B. Costs and expenses
47. The applicant claimed a total of EUR 3,000 for his costs and expenses.
48. The Government did not make any comment on the applicant’s claim.
49. The Court will make an award in respect of costs and expenses in so far as these were actually and necessarily incurred and were reasonable as to quantum (see, Sawicka v. Poland, no. 37645/97, § 54, 1 October 2002). It notes that the fees and expenses claimed by the applicant’s representative do not in the circumstances appear unreasonable. It therefore awards the amount claimed in full.
C. Default interest
50. The Court considers it appropriate that the default interest should be based on the marginal lending rate of the European Central Bank, to which should be added three percentage points.

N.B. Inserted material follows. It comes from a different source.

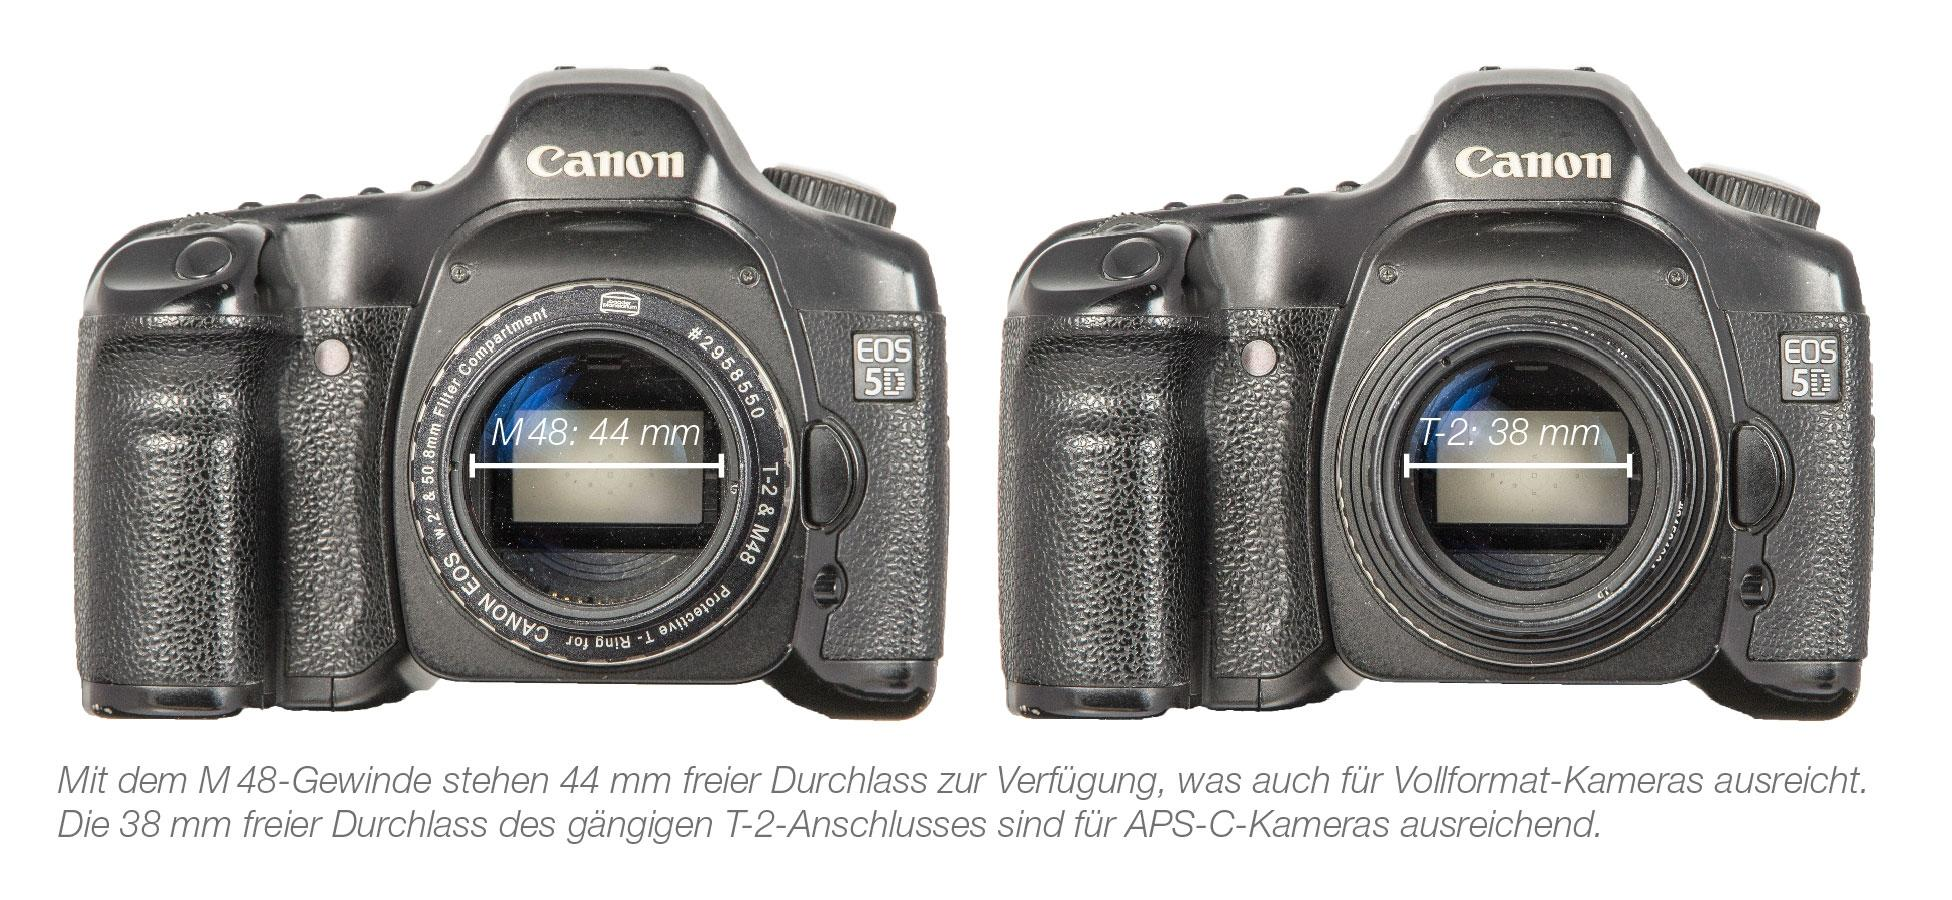 mpcc-cameras.jpg

FOR THESE REASONS, THE COURT UNANIMOUSLY
1. Holds that there has been a violation of Article 3 of the Convention;
2. Holds that there has been a violation of Article 13 of the Convention in conjunction with Article 3 of the Convention;
(a) that the respondent State is to pay the applicant, within three months from the date on which the judgment becomes final according to Article 44 § 2 of the Convention, the following amounts, together with any tax that the may be applicable, to be converted into Turkish liras at the rate applicable on the date of settlement:
(i) EUR 10,000 (ten thousand euros) in respect of non-pecuniary damage;
(ii) EUR 3,000 (three thousand euros) in respect of costs and expenses;
(b) that from the expiry of the above-mentioned three months until settlement simple interest shall be payable on the above amounts at a rate equal to the marginal lending rate of the European Central Bank during the default period plus three percentage points;
4. Dismisses the remainder of the applicant’s claim for just satisfaction.
Done in English, and notified in writing on 20 July 2004, pursuant to Rule 77 §§ 2 and 3 of the Rules of Court.